[REQUIRED ACTION] Write all entries out exactly, images excluded.

[DATASET ENTRIES]
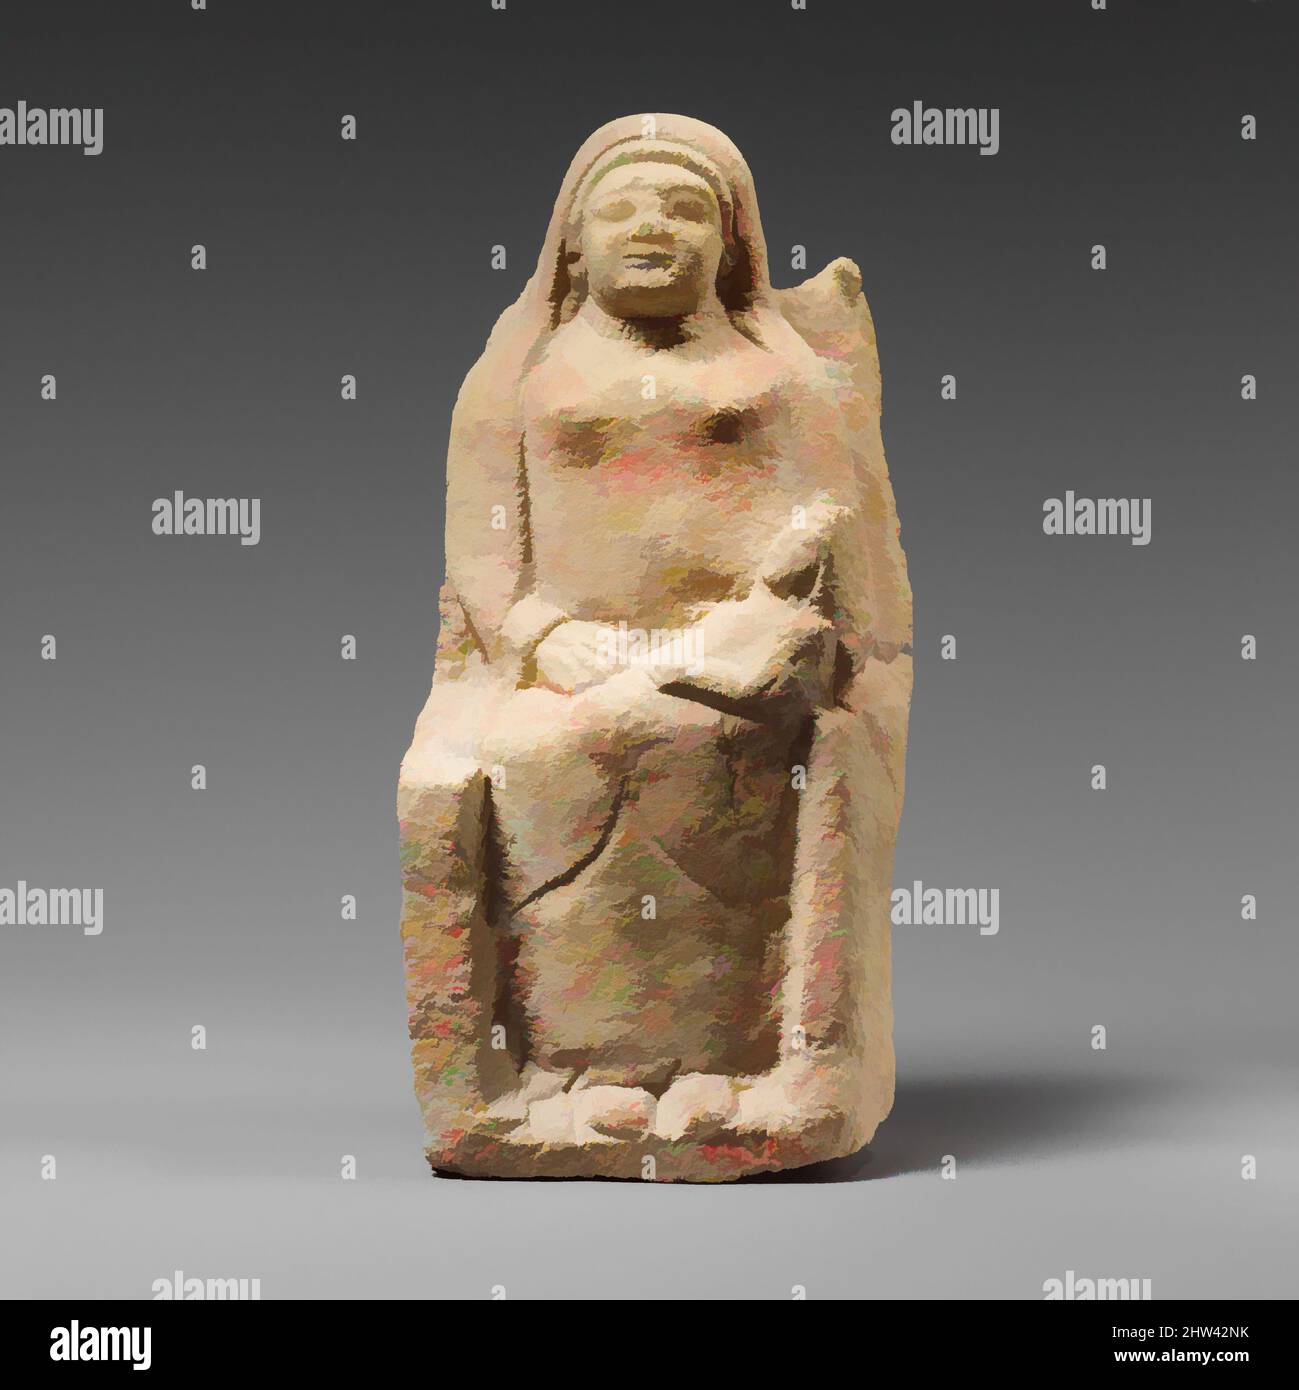 Art inspired by Seated limestone kourotrophos, Archaic, late 6th century B.C., Cypriot, Limestone, H.:7 1/4 x W.:3 1/4 xD.: 2 1/2 in. (18.4 x 8.3 x 6.3 cm), Stone Sculpture, Statue of 'nursing mother' with long veil seated on high-backed throne. The woman occupies a seat with a, Classic works modernized by Artotop with a splash of modernity. Shapes, color and value, eye-catching visual impact on art. Emotions through freedom of artworks in a contemporary way. A timeless message pursuing a wildly creative new direction. Artists turning to the digital medium and creating the Artotop NFT Stock Photo
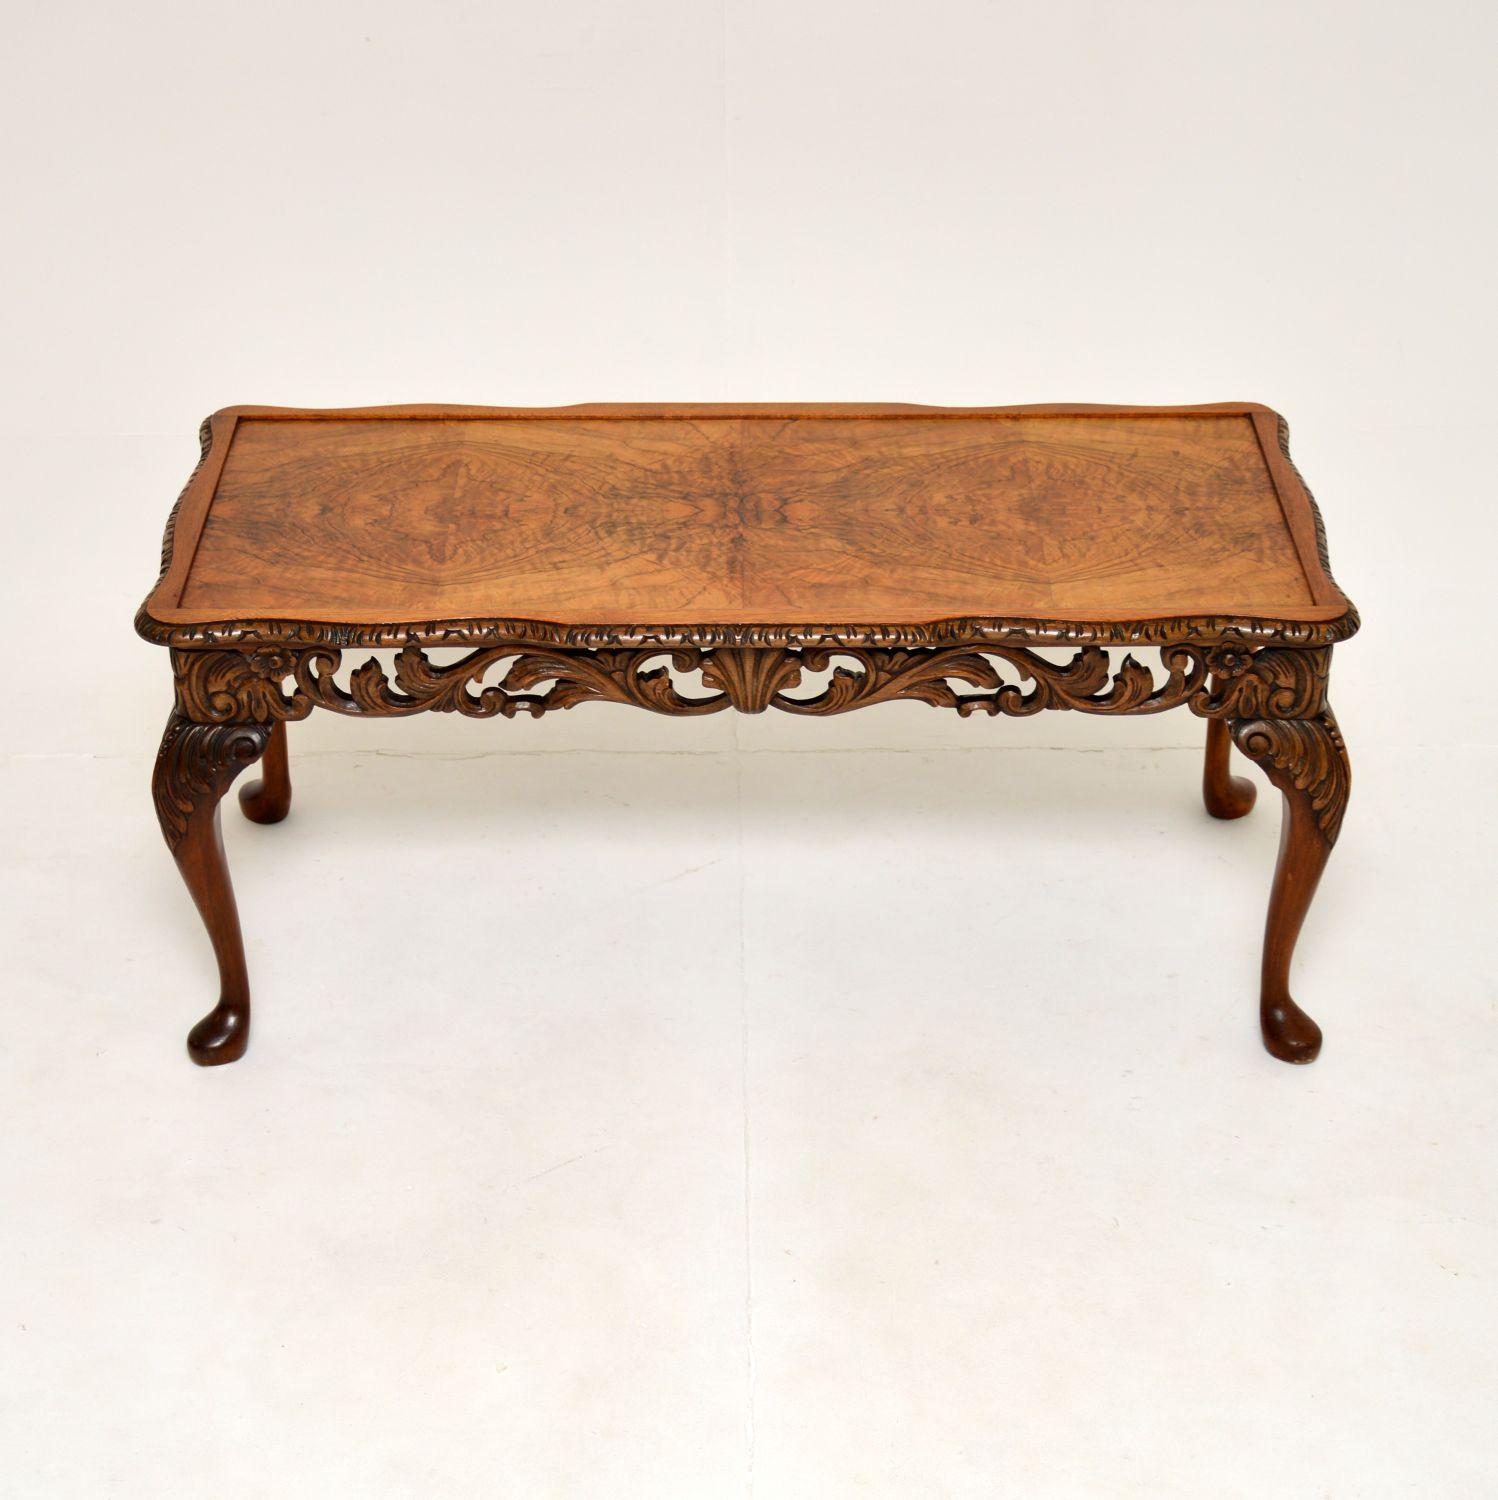 A beautiful and very well made antique figured walnut coffee table. This was made in England, it dates from around the 1920’s.

It is in the Queen Anne style, with gorgeous carving around the edges. It sits on cabriole legs with acanthus leaf
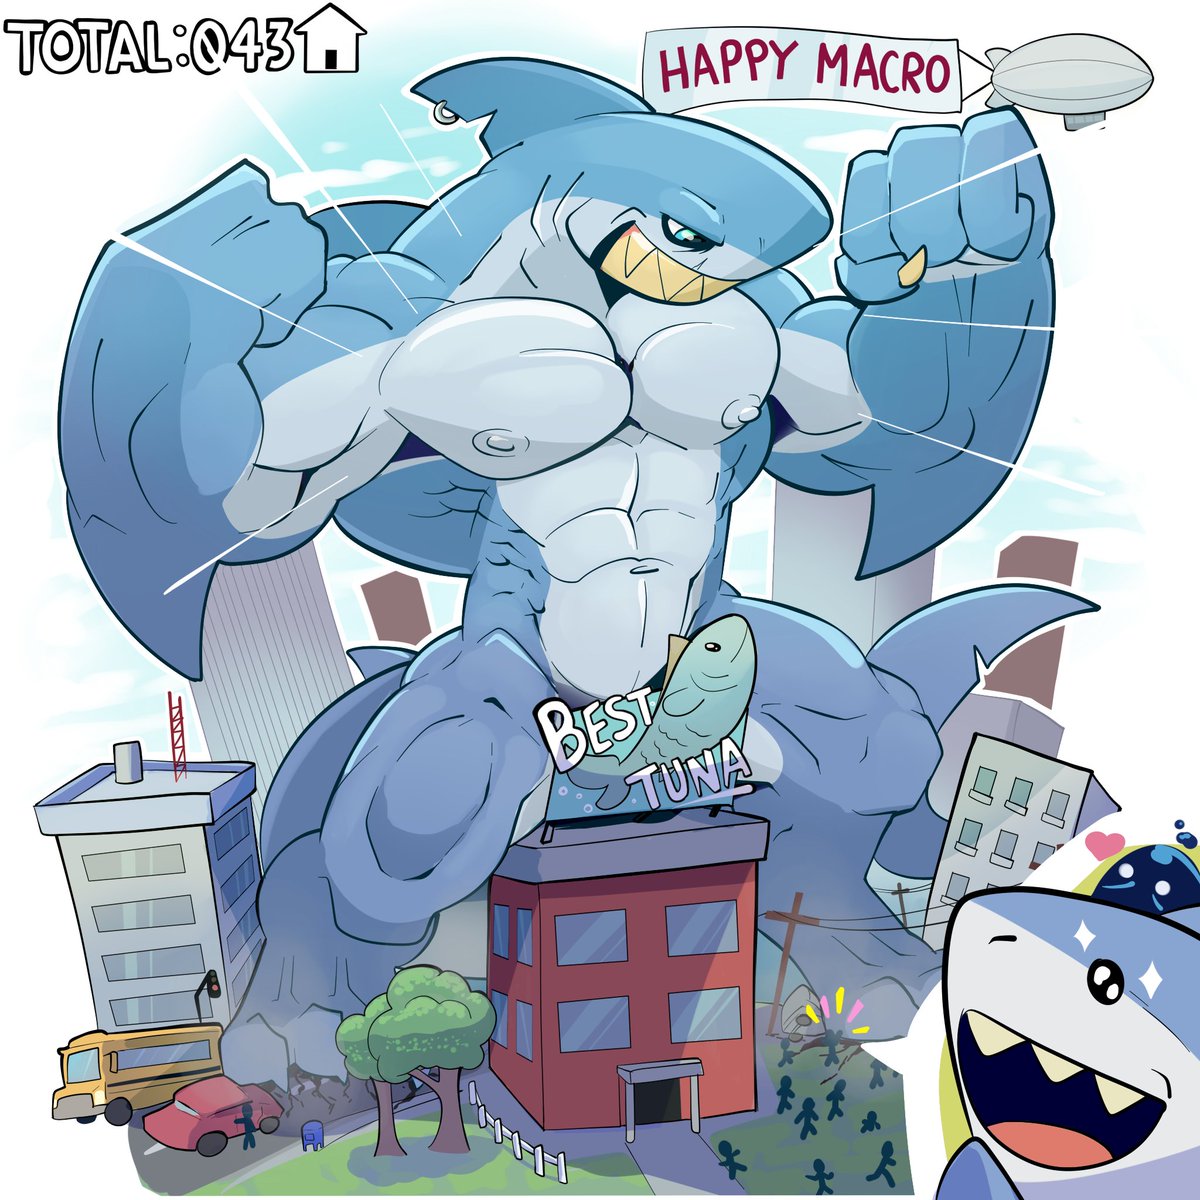 -Who wants more macro SHARK!? *From below can be heard the cheers* -SAY NO MORE, MIRAR A ESTE PROFESIONAL APLASTAR! -Big brother is always giving the best shows! -Take safe place lil bro and watch me! *Flexing his intense muscles, Grum's body is ready* 💪🦈 #MacroMarch #Sticker
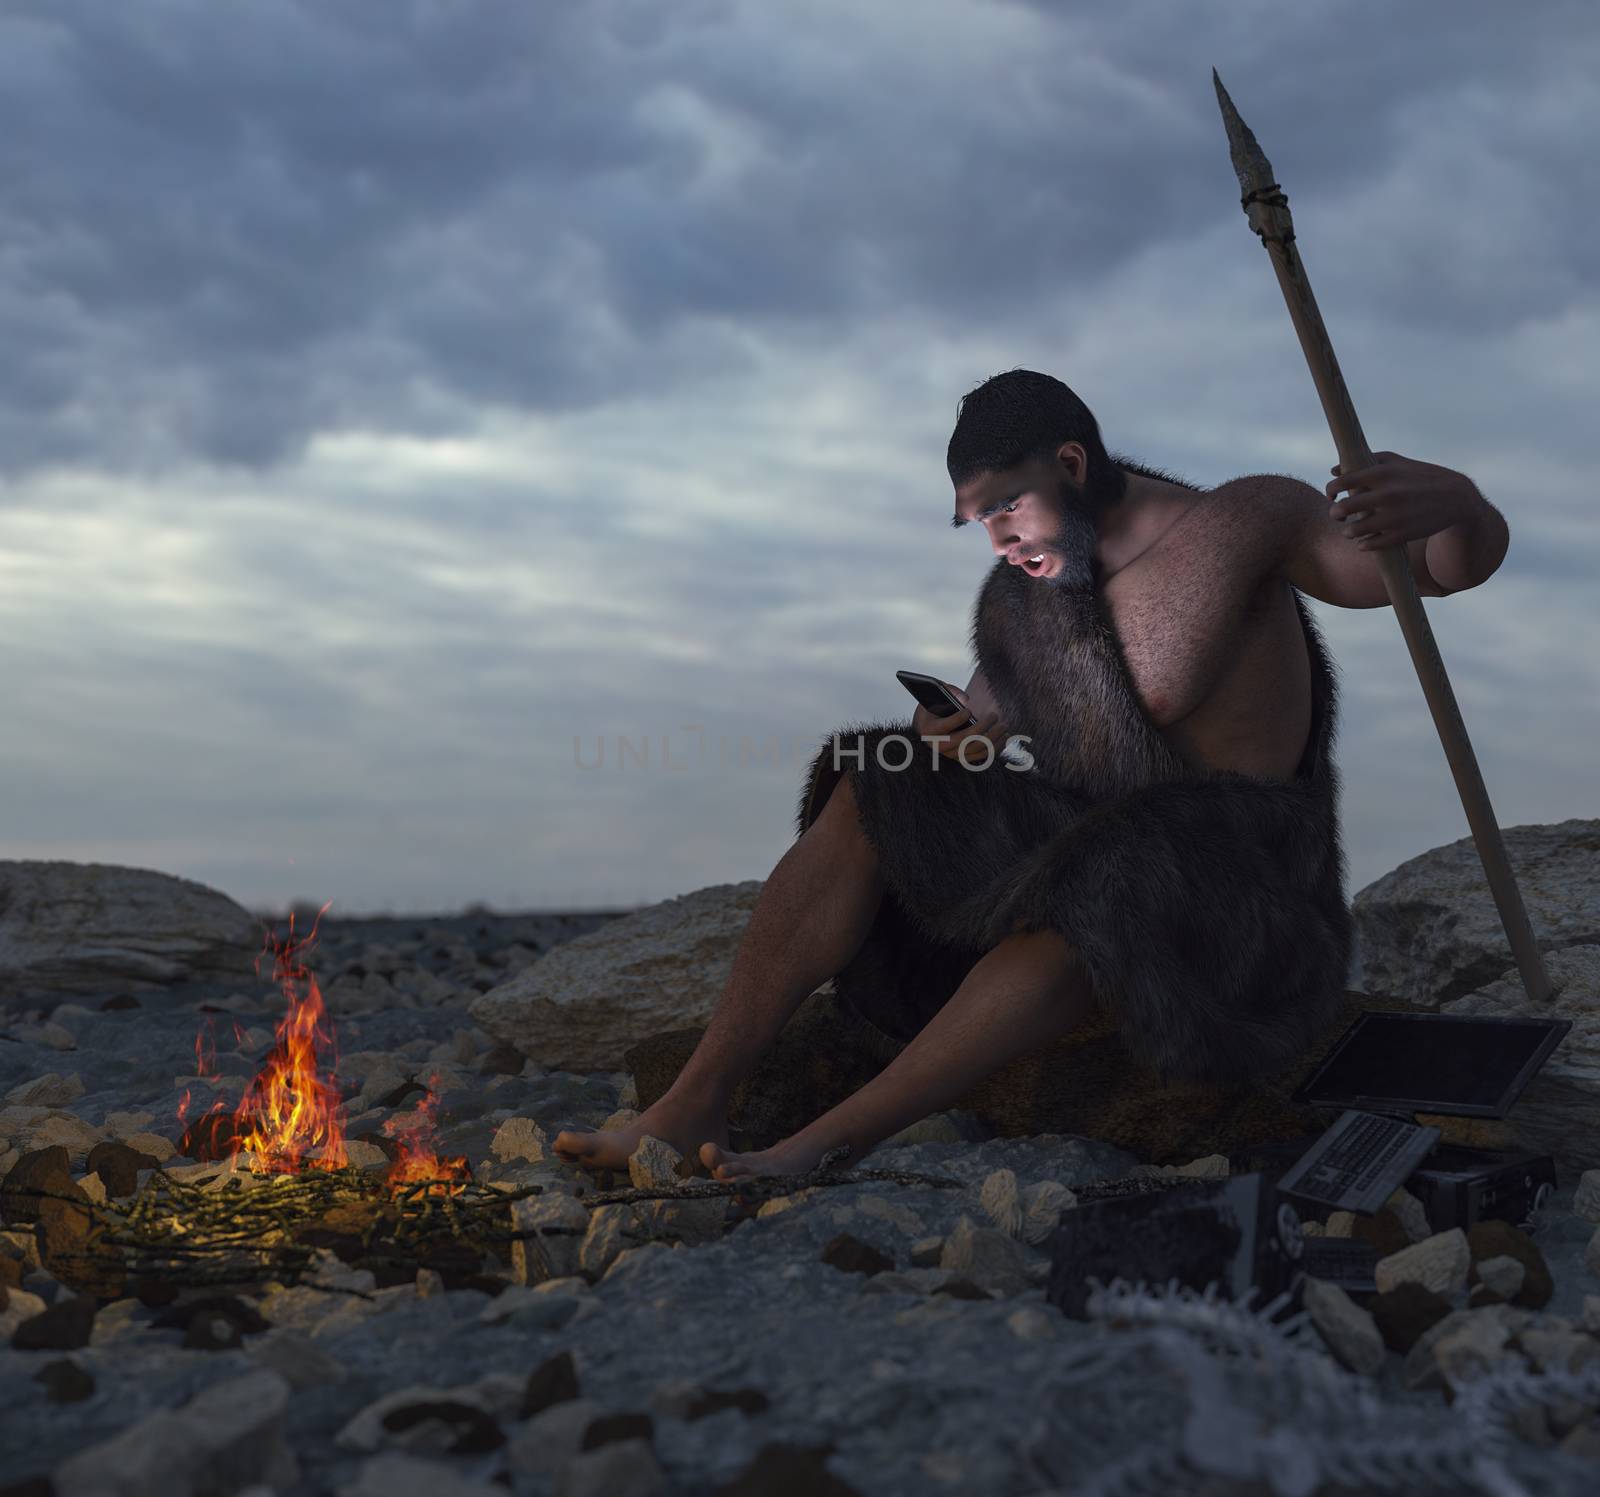 primitive man siting on the stone with smartphone concept illustration by denisgo

[REPLY]
 Art inspired by Seated limestone kourotrophos, Archaic, late 6th century B.C., Cypriot, Limestone, H.:7 1/4 x W.:3 1/4 xD.: 2 1/2 in. (18.4 x 8.3 x 6.3 cm), Stone Sculpture, Statue of 'nursing mother' with long veil seated on high-backed throne. The woman occupies a seat with a, Classic works modernized by Artotop with a splash of modernity. Shapes, color and value, eye-catching visual impact on art. Emotions through freedom of artworks in a contemporary way. A timeless message pursuing a wildly creative new direction. Artists turning to the digital medium and creating the Artotop NFT Stock Photo
 A beautiful and very well made antique figured walnut coffee table. This was made in England, it dates from around the 1920’s.

It is in the Queen Anne style, with gorgeous carving around the edges. It sits on cabriole legs with acanthus leaf
 -Who wants more macro SHARK!? *From below can be heard the cheers* -SAY NO MORE, MIRAR A ESTE PROFESIONAL APLASTAR! -Big brother is always giving the best shows! -Take safe place lil bro and watch me! *Flexing his intense muscles, Grum's body is ready* 💪🦈 #MacroMarch #Sticker
 primitive man siting on the stone with smartphone concept illustration by denisgo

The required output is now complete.